Figure 4.4 Panel of Regression Diagnostics
 Panel of Regression Diagnostics

For detailed information about the interpretation of regression diagnostics and about ODS statistical graphics with the REG procedure, see Chapter 76, The REG Procedure.

SAS/STAT regression procedures produce the following information for a typical regression analysis:

  • parameter estimates derived by using the least squares criterion

  • estimates of the variance of the error term

  • estimates of the variance or standard deviation of the sampling distribution of the parameter estimates

  • tests of hypotheses about the parameters

SAS/STAT regression procedures can produce many other specialized diagnostic statistics, including the following:

  • collinearity diagnostics to measure how strongly regressors are related to other regressors and how this affects the stability and variance of the estimates (REG)

  • influence diagnostics to measure how each individual observation contributes to determining the parameter estimates, the SSE, and the fitted values (LOGISTIC, MIXED, REG, RSREG)

  • lack-of-fit diagnostics that measure the lack of fit of the regression model by comparing the error variance estimate to another pure error variance that is not dependent on the form of the model (CATMOD, PROBIT, RSREG)

  • diagnostic scatter plots that check the fit of the model and highlighted scatter plots that identify particular observations or groups of observations (REG)

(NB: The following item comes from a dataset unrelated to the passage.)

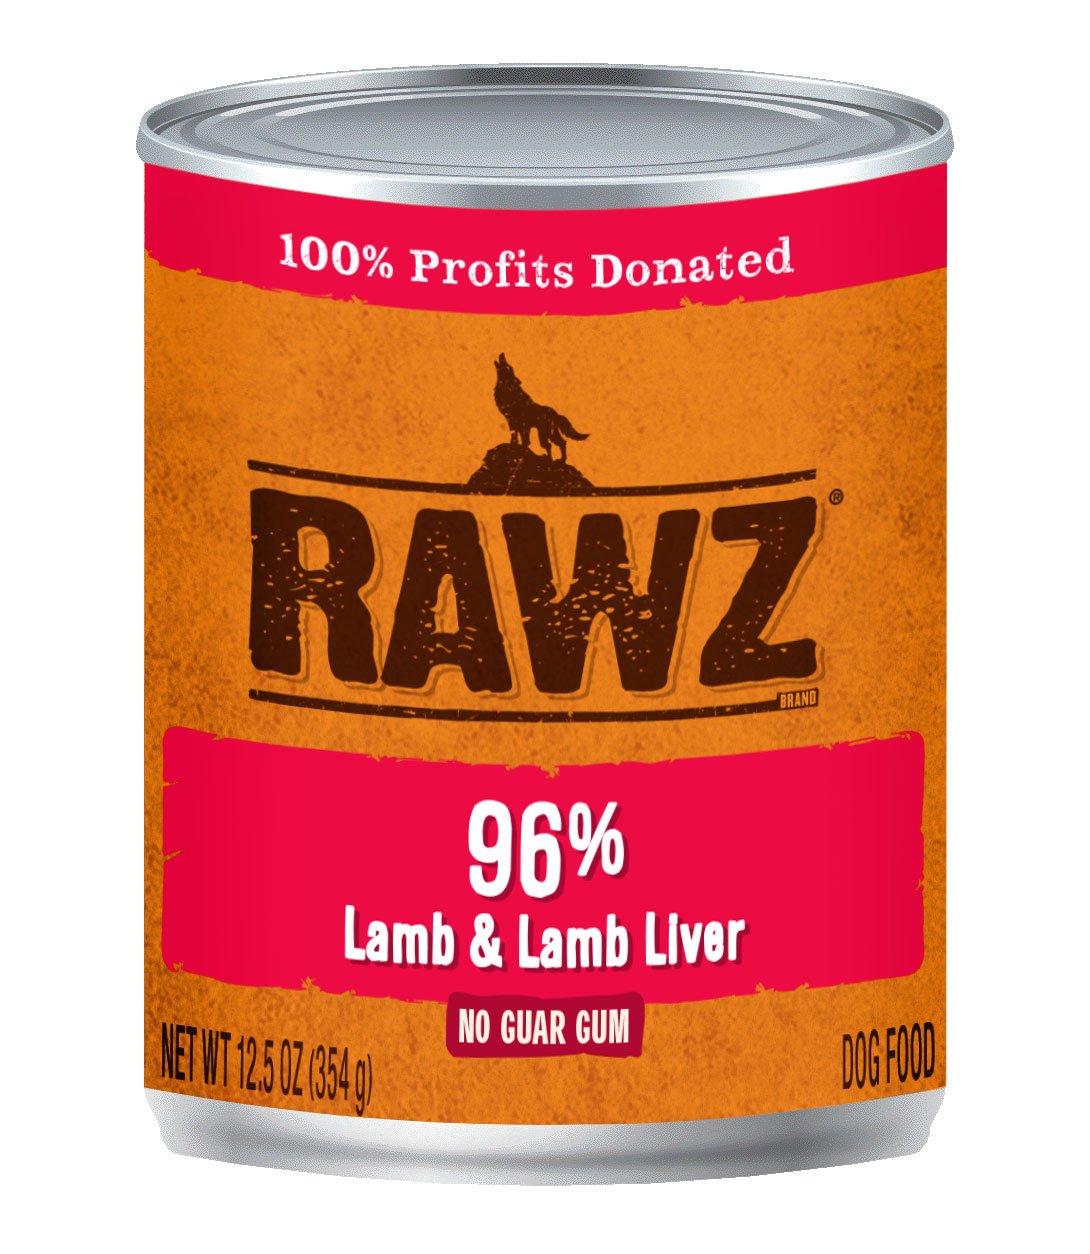 RAWZ 96% Lamb & Lamb Liver

  • predicted and residual values, and confidence intervals for the mean and for an individual value (GLM, LOGISTIC, REG)

  • time series diagnostics for equally spaced time series data that measure how much errors might be related across neighboring observations. These diagnostics can also measure functional goodness of fit for data that are sorted by regressor or response variables (REG, SAS/ETS procedures).

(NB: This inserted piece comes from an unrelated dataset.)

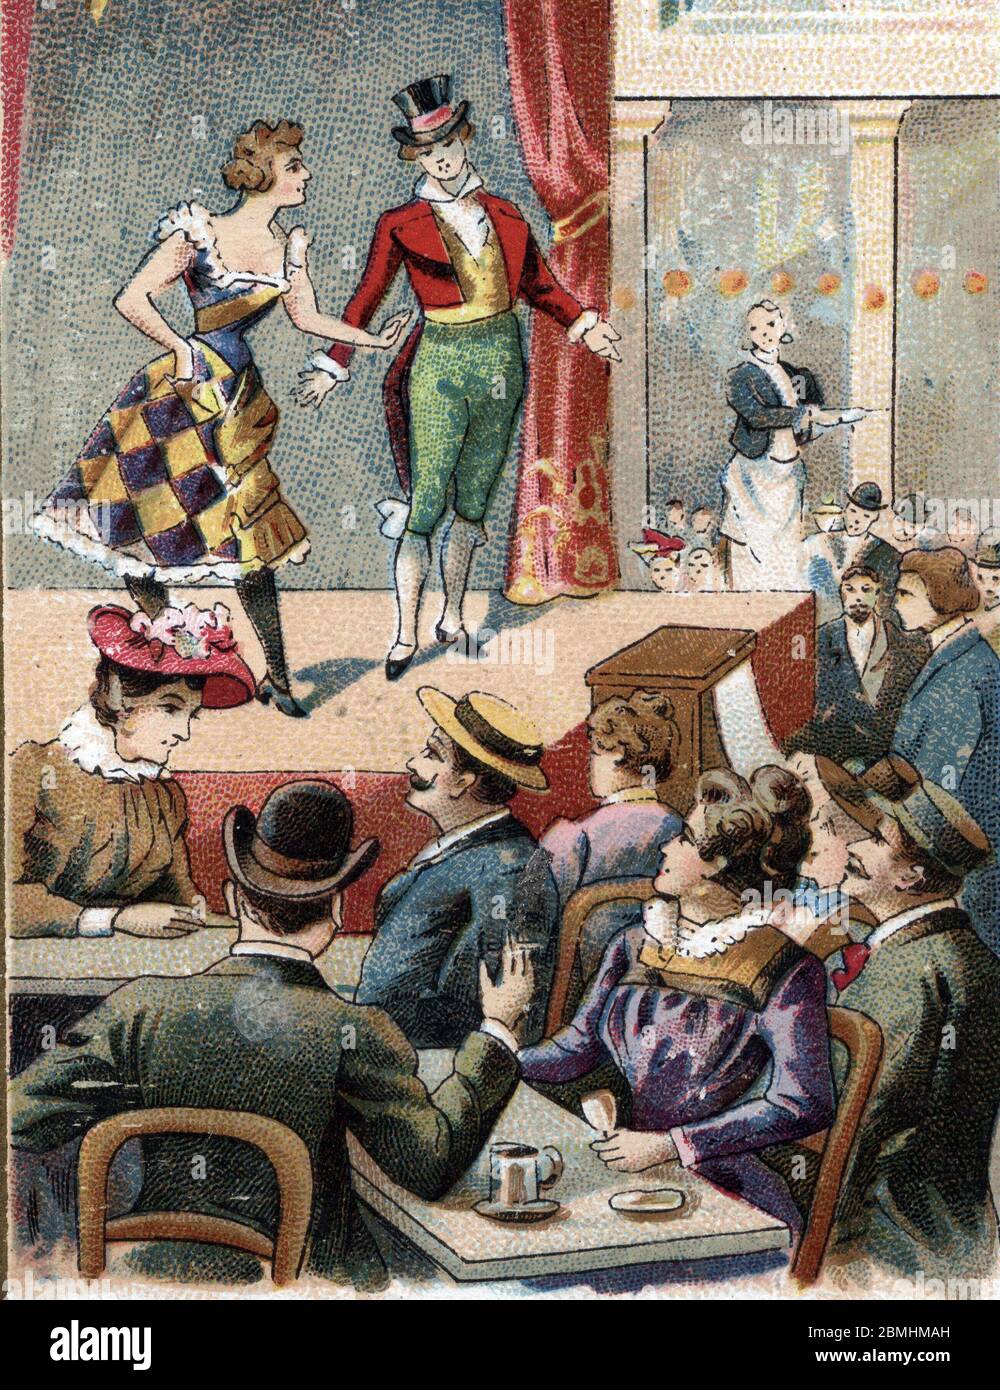 'Spectacle dans un cafe-concert populaire, Paris 19eme siecle' (Show in a popular Cafe-chantant, musical establishment, Paris, 19th century) Chromolit Stock Photo

Many SAS/STAT procedures produce general and specialized statistical graphics through ODS Graphics to diagnose the fit of the model and the model-data agreement, and to highlight observations that are influential on the analysis. Figure 4.2 and Figure 4.3, for example, are two of the ODS statistical graphs produced by the REG procedure by default for the simple linear regression model. For general information about ODS Graphics, see Chapter 21, Statistical Graphics Using ODS. For specific information about the ODS statistical graphs available with a SAS/STAT procedure, see the PLOTS option in the "Syntax" section for the PROC statement and the "ODS Table Names" section in the "Details" section of the individual procedure documentation.